On June 25th, 6 weeks and 6 days after the worst day of my life, I sobbed as I packed up all those clothes. The tiny socks. The soft cotton onesies. The patterned cloth diapers. The beautiful dresses. I felt like I was packing up my broken heart. What I didn’t pack away were the gifts meant for this baby–the cross-stitched blanket; the polka-dotted dress; the yellow duck. And the white dress, pink headband, and tiny socks that her older sister selected for her first outfit. Along with a memory box from the hospital,–with tiny footprints inked inside– and my daughter’s ashes, it’s all I have left.

 

What physical memories have you held onto? What have you let go?

Lost Dreams

…I am furious that I do not have memories of my daughter, for when a baby dies, it is dreams that are lost…

 

“I don’t think most people truly understand how much is lost when a baby dies. You don’t just lose a baby, you lose the 1 and 2 and 10 and 16-year-old she would have become. You lose Christmas mornings and loose teeth and the first days of school. You just lose it all.” 

– Stephanie Page Cole

Anger. It’s one of Kübler-Ross’ stages of grief.

Until recently I hadn’t considered how anger and grief intertwined. When my paternal grandma died, the day before her 95th birthday, I was sad but I didn’t feel angry. She had a wonderful and fulfilled life–married to her husband until he passed 21 years prior. She raised two sons, taught for 40 years, and spent time with her 3 grandchildren in her retirement years.  Two years later my maternal grandpa died. He was 86 years old and had suffered from dementia for several years prior to his death.  He had a long life, raised 6 children, worked incredibly hard, and in his later years spent quality time with 12 grandchildren. I felt sad but almost relieved that he was no longer suffering. I wasn’t angry. I have wonderful memories of these grandparents.

But when my baby, my 2nd daughter, died inside my body, when I experienced contractions, nausea and exhaustion while pushing her out, I became furious. Not immediately but weeks later. After the shock and numbness dissipated.

I am filled with rage.

I am angry that when, at 37 weeks, I noticed decreased movement, but convinced myself she was moving normally and didn’t seek medical attention.

I am angry that I was skeptical of the safety of ultrasounds and did not have any in the third trimester.

I am angry that I endured a pregnancy of nausea and vomiting, heartburn, sleep deprived nights, and uncomfortable-ness only to have my baby die.

I am angry that if I were destined to lose my daughter it didn’t happen at 9 weeks, 12 weeks, 18 weeks or 26 weeks. Anything but 40 weeks.

I am angry that I said things like “I’m never doing this again,” “thank goodness this is the last time I’ll ever be pregnant”  and “there won’t be any trying for a boy.”

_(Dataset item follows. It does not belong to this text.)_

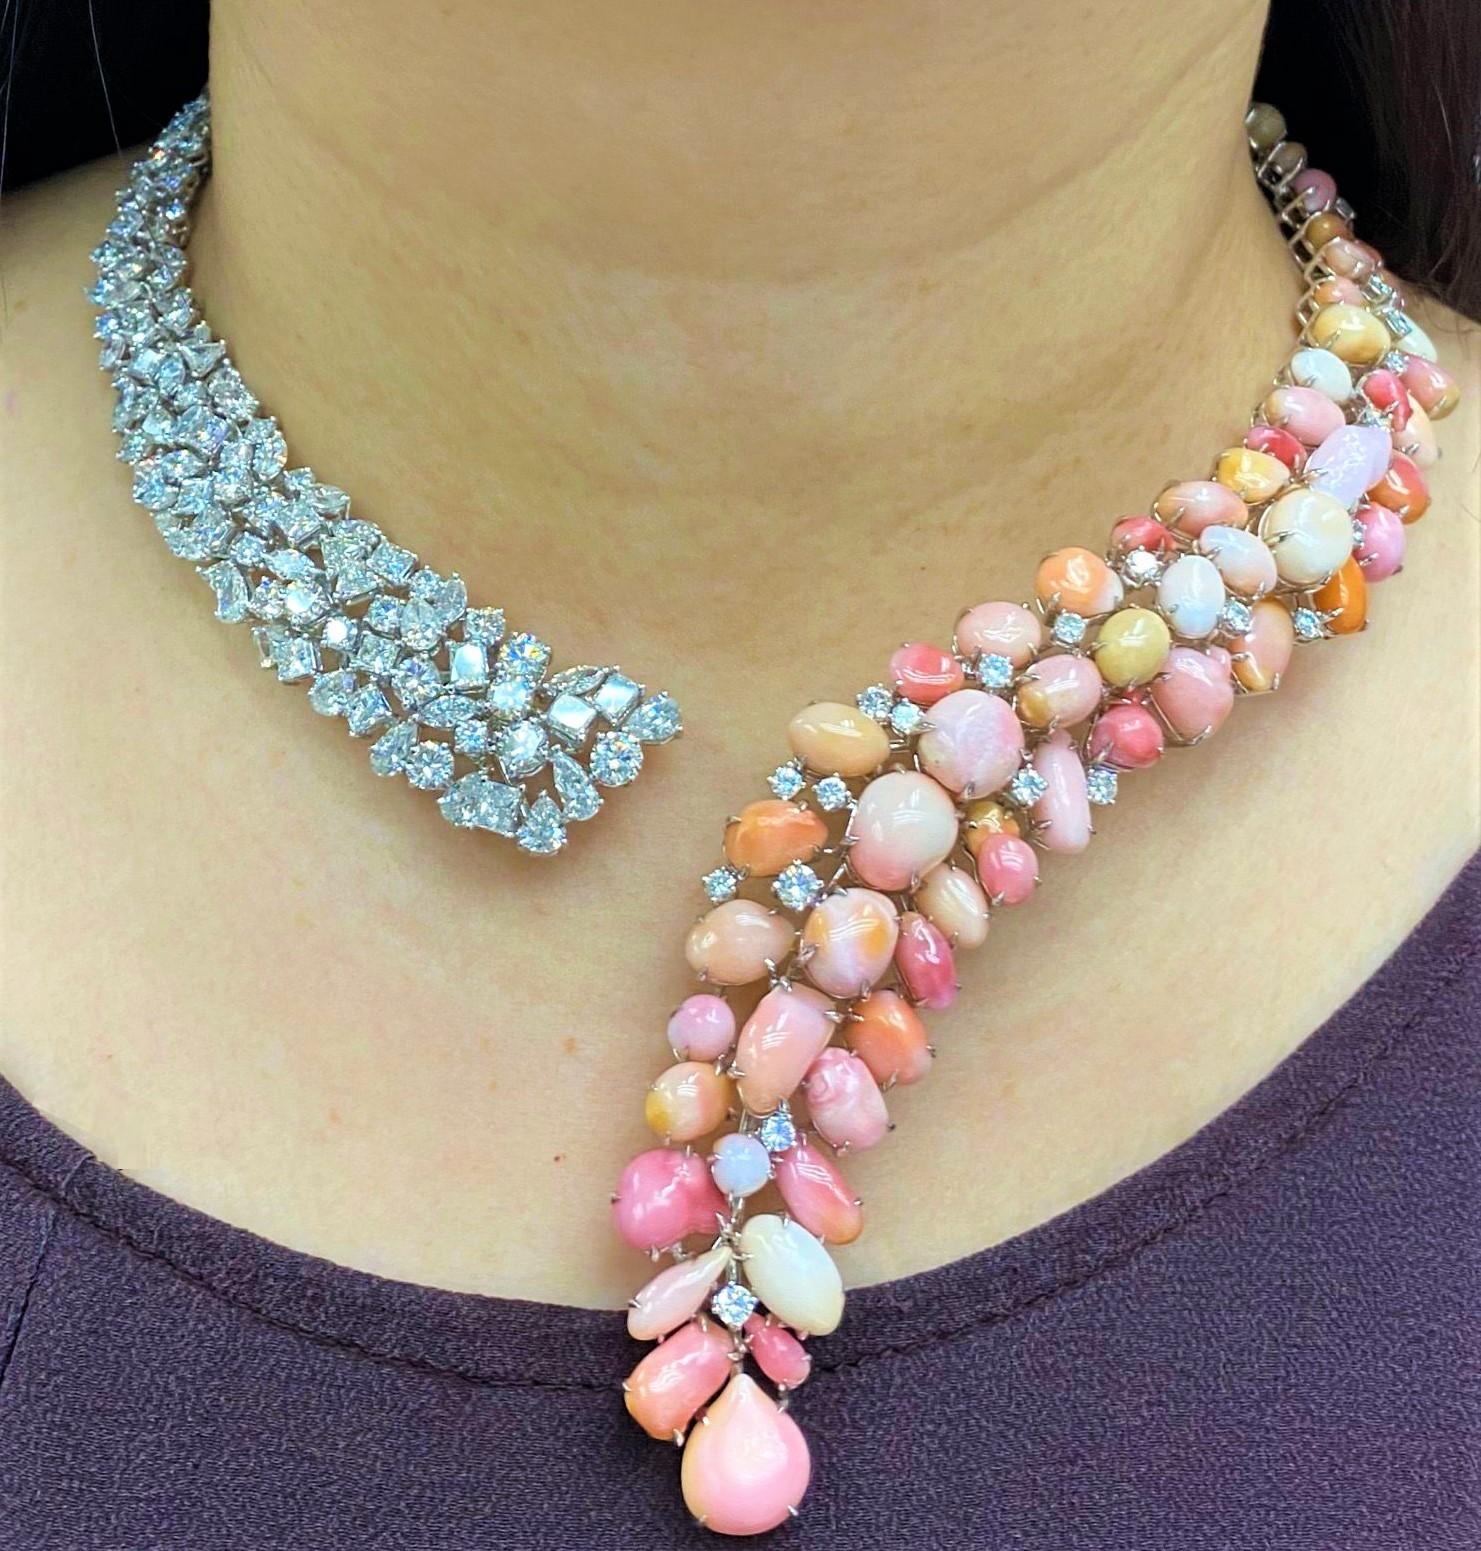 The Following Item we are Offering is this Magnificent 18KT Gold Large Extremely Rare Conch Pearl and Fancy Diamond Necklace. This Gorgeous Necklace features Large Gorgeous Conch Pearls with Shades of Oranges and Pinks. Beautifully done with a

I am angry that my careful child spacing failed–that my living daughter will either be an only child or not, but she will not sing to, read to, or play with a sibling who is four years younger than her.

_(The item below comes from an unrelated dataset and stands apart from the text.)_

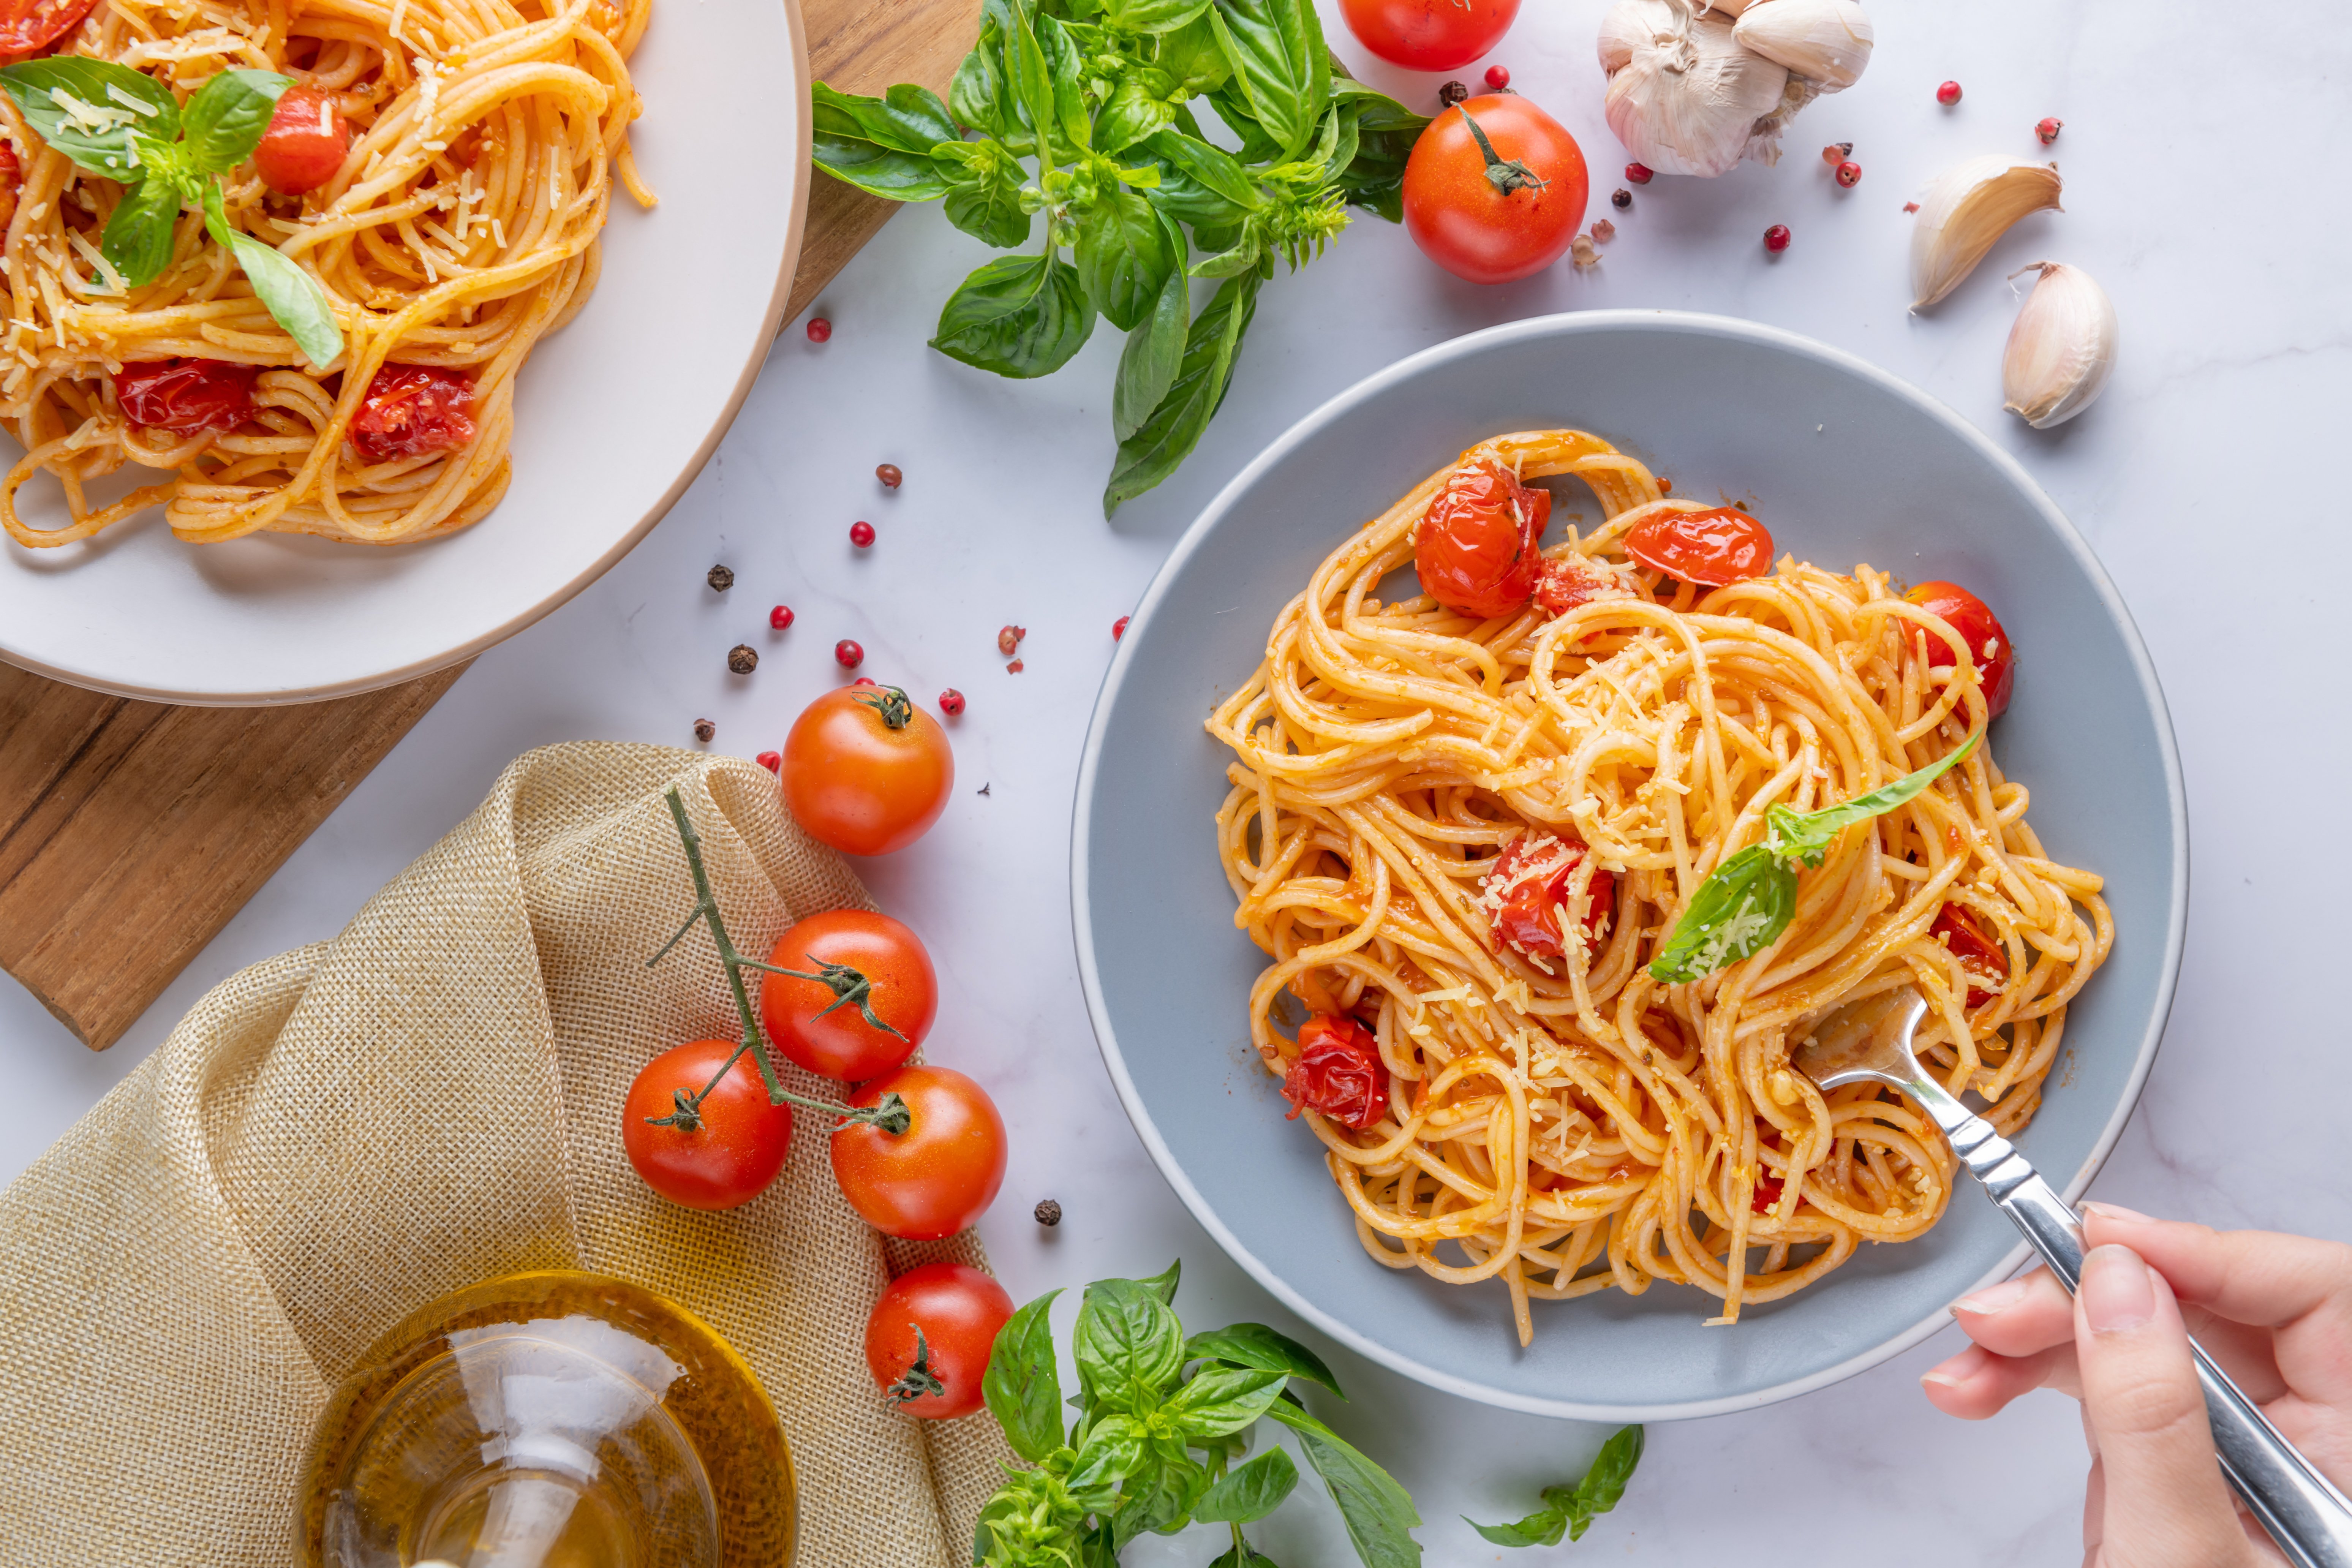 tasty-appetizing-classic-italian-spaghetti-pasta-with-tomato-sauce-cheese-parmesan-basil-plate-ingredients-cooking-pasta-white-marble-table-flat-lay-top-view-copy-space

I am angry with my body for betraying me and my baby.

I am angry that I failed to keep my baby safe–perhaps the most important job a mother has.

And I am furious that I do not have memories of my daughter, for when a baby dies, it is dreams that are lost.

We’ll go to the beach with a 2 month old and 4-year-old. I’ll have my summer maternity leave with my baby. At Thanksgiving we’ll need to bring two car seats on the plane. Next summer we should visit my parents, the girls will be one year and five years. We’ll go to Disney World when the girls are five and nine. The girls will have each other to play with and color with. Eventually they can have the two downstairs bedrooms. Or will the want to share a room? We should remodel the downstairs bathroom so they have space for hair dryers and makeup…

Lost dreams, lost life. Not just the loss of my baby’s life, the loss of my family, the loss of my dreams for all of us.

What short-term and long-term dreams were lost when your baby died?